> To do
Write out the entire listing below exactly, with the pictures left out.

> Collected material
______________________________
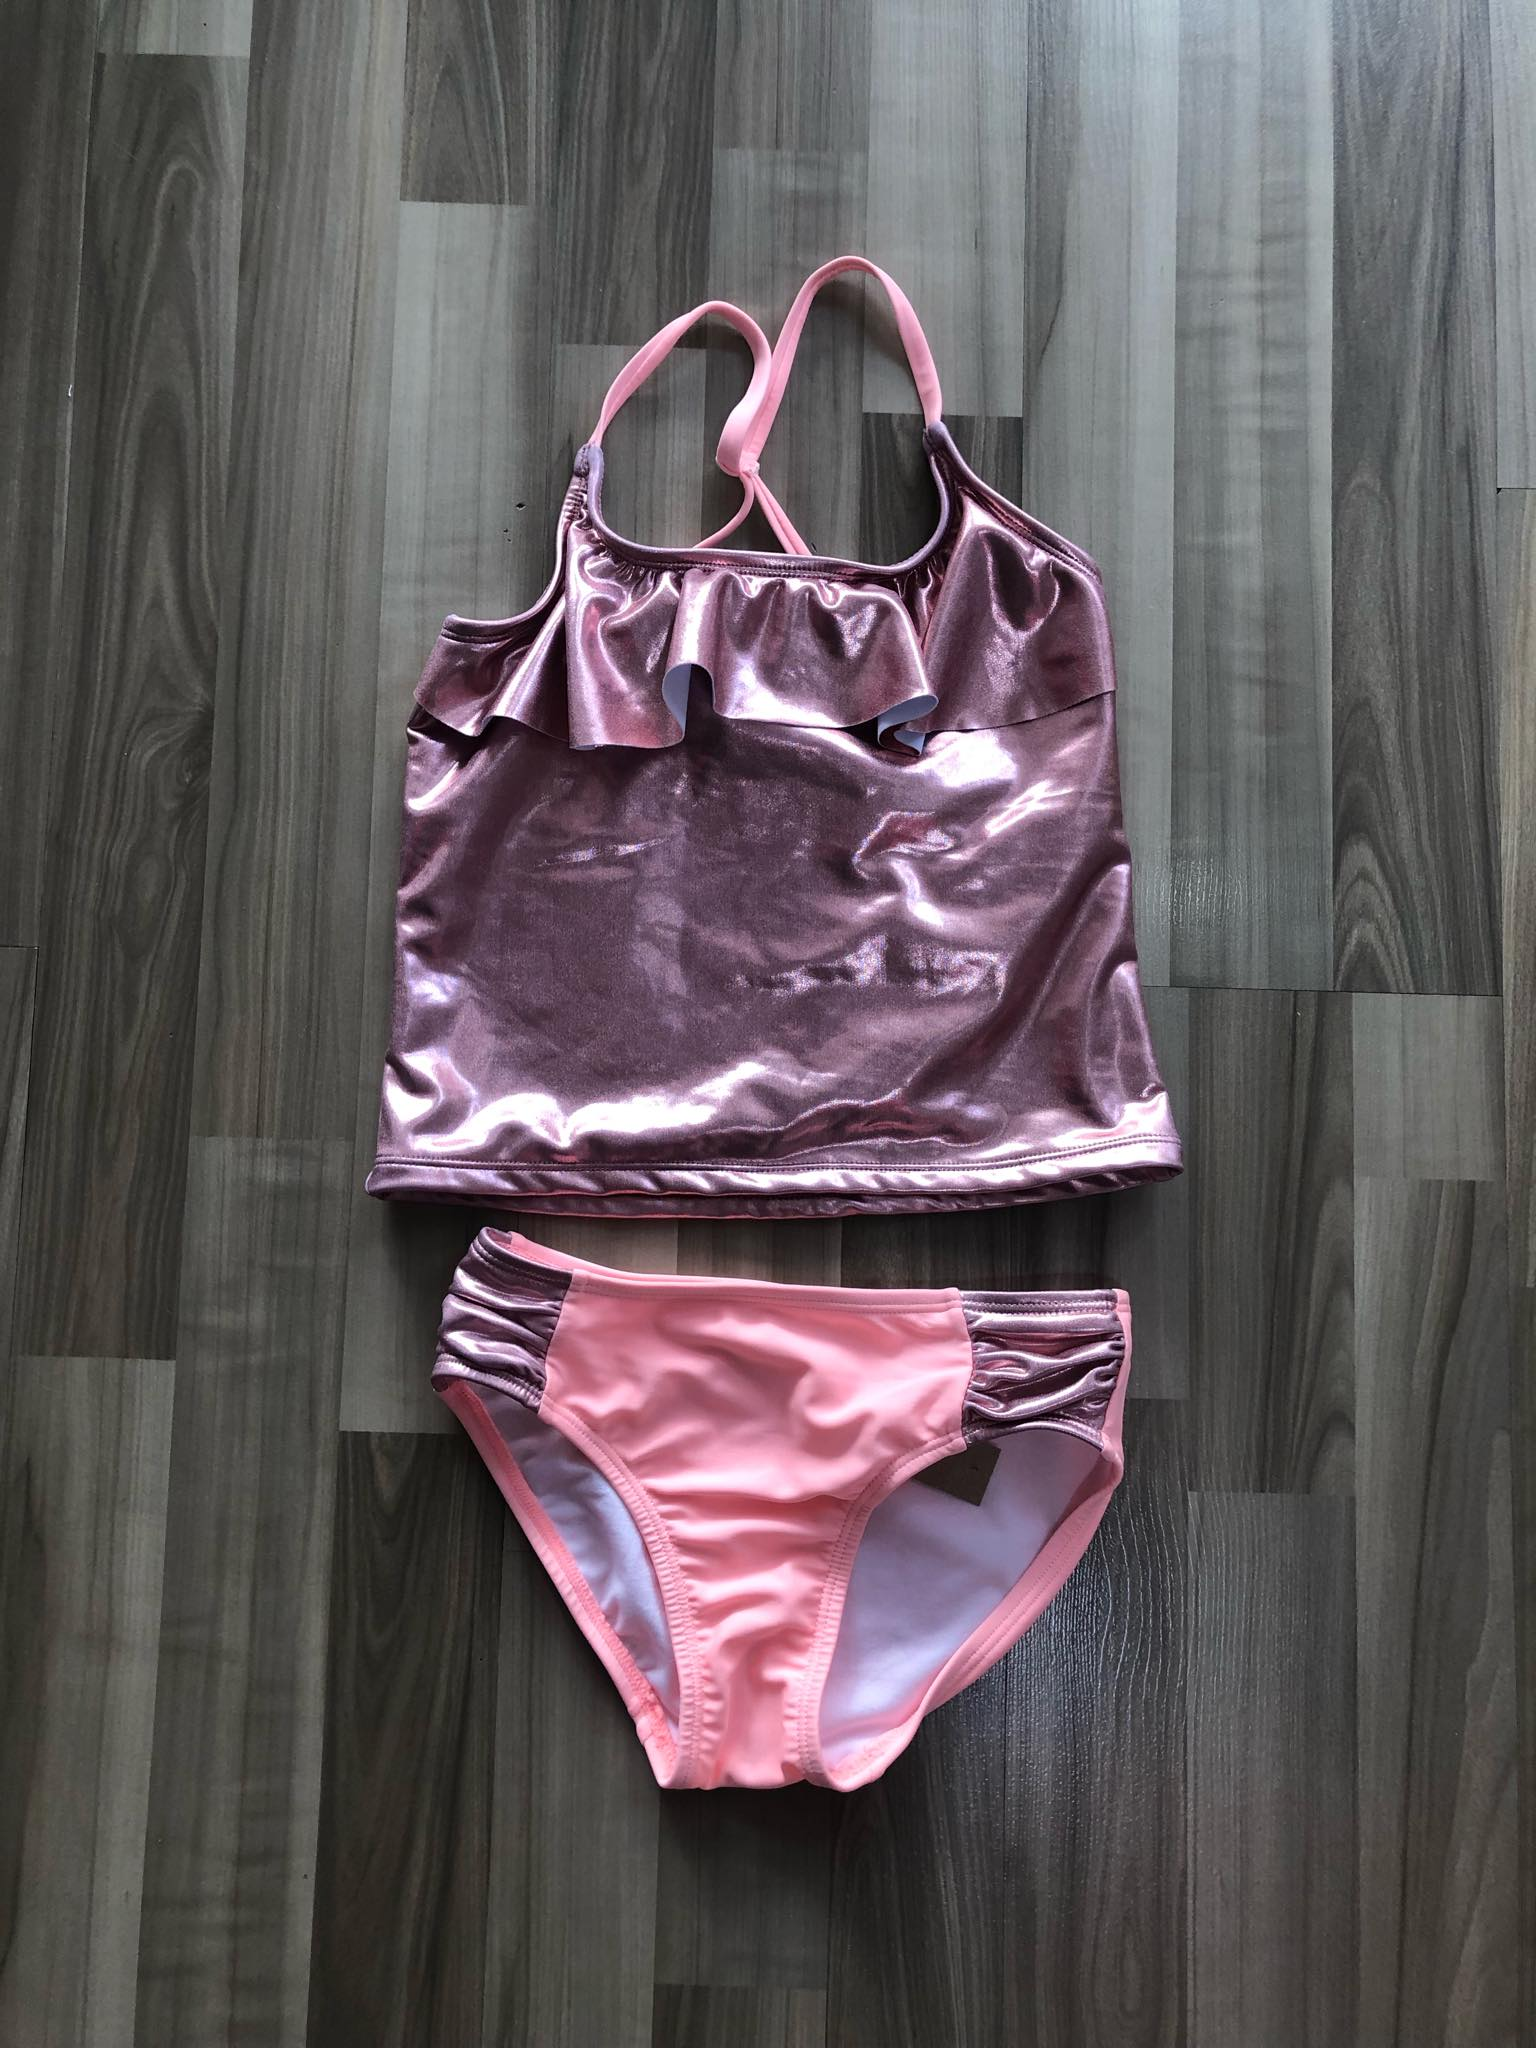 BG-Đồ bơi 2 mảnh hồng kim tuyến
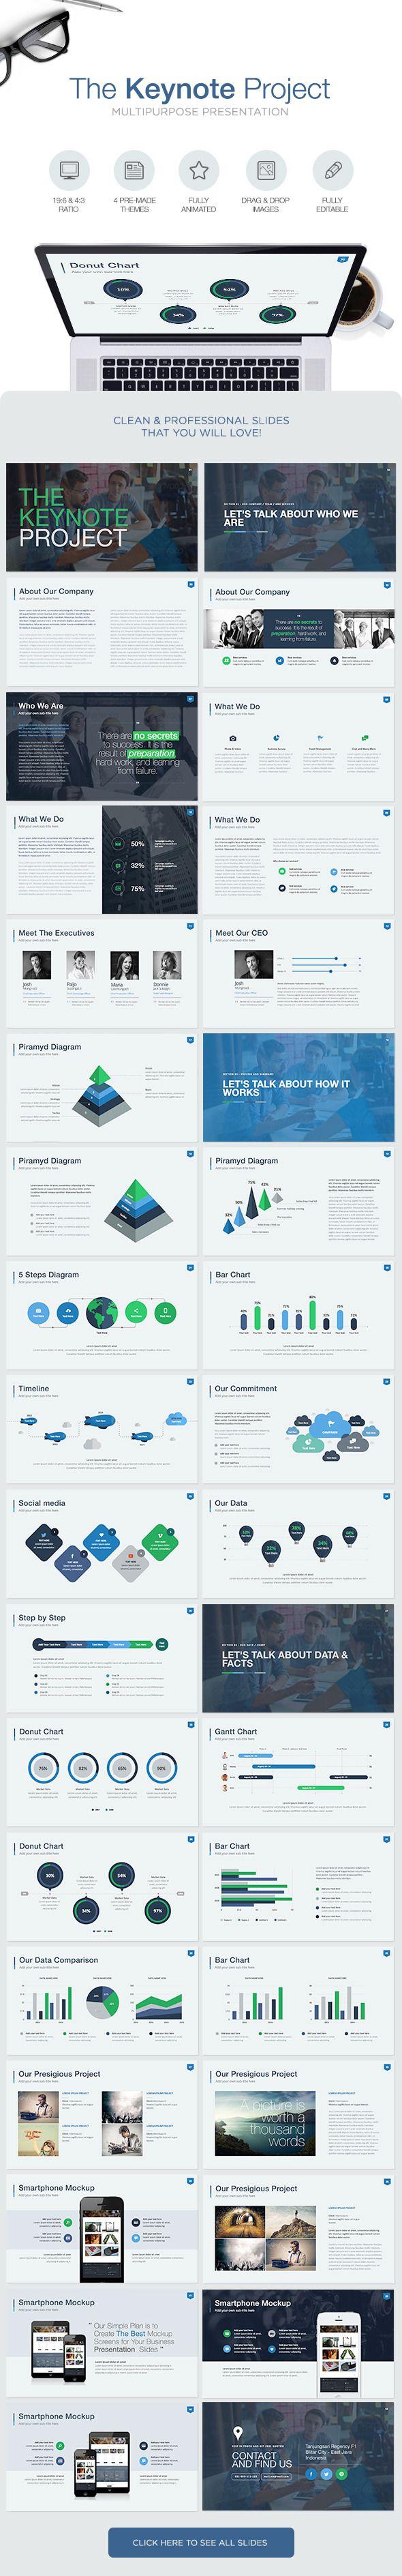 The Keynote Project - Keynote Template - Keynote Templates Presentation Templates
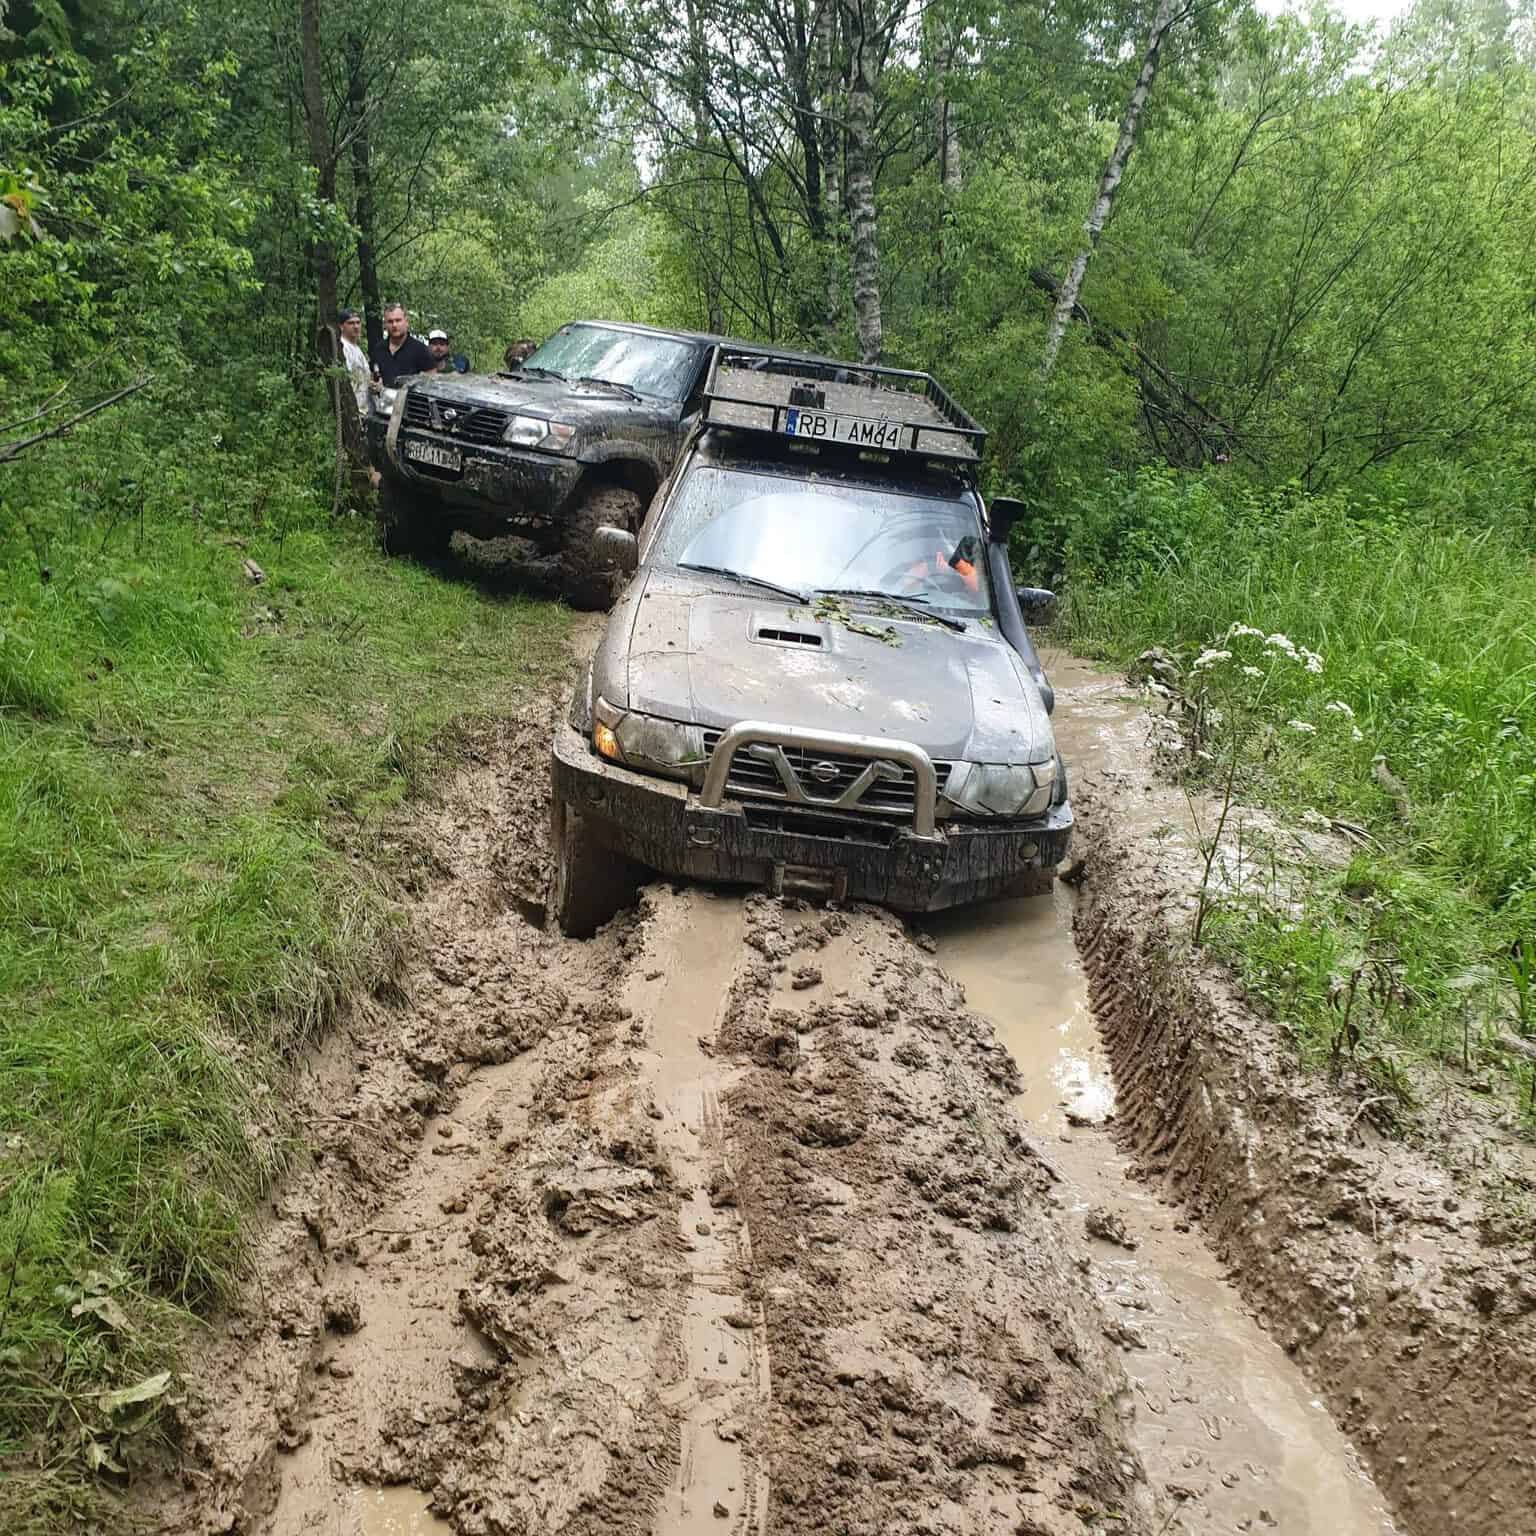 samochody terenowe na błotnistej drodze leśnej
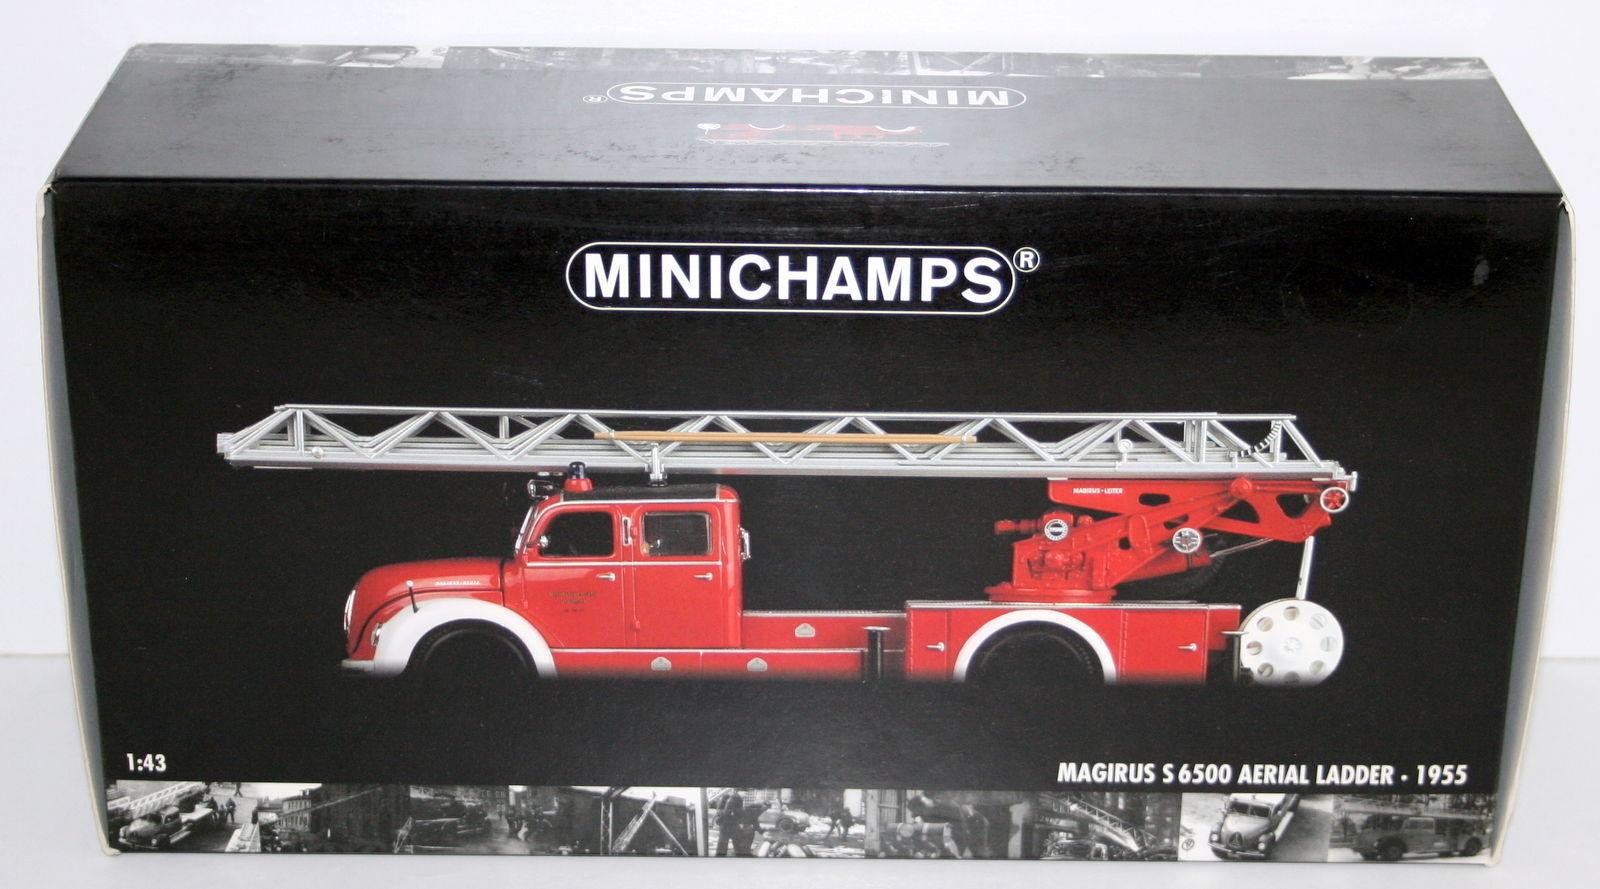 buena calidad MINICHAMPS 1 43 - 439 140071 MAGIRUS S 6500 AERIAL AERIAL AERIAL LADDER   rojo blanco 1955  ganancia cero
______________________________
> Task output
 BG-Đồ bơi 2 mảnh hồng kim tuyến
 The Keynote Project - Keynote Template - Keynote Templates Presentation Templates
 samochody terenowe na błotnistej drodze leśnej
 buena calidad MINICHAMPS 1 43 - 439 140071 MAGIRUS S 6500 AERIAL AERIAL AERIAL LADDER   rojo blanco 1955  ganancia cero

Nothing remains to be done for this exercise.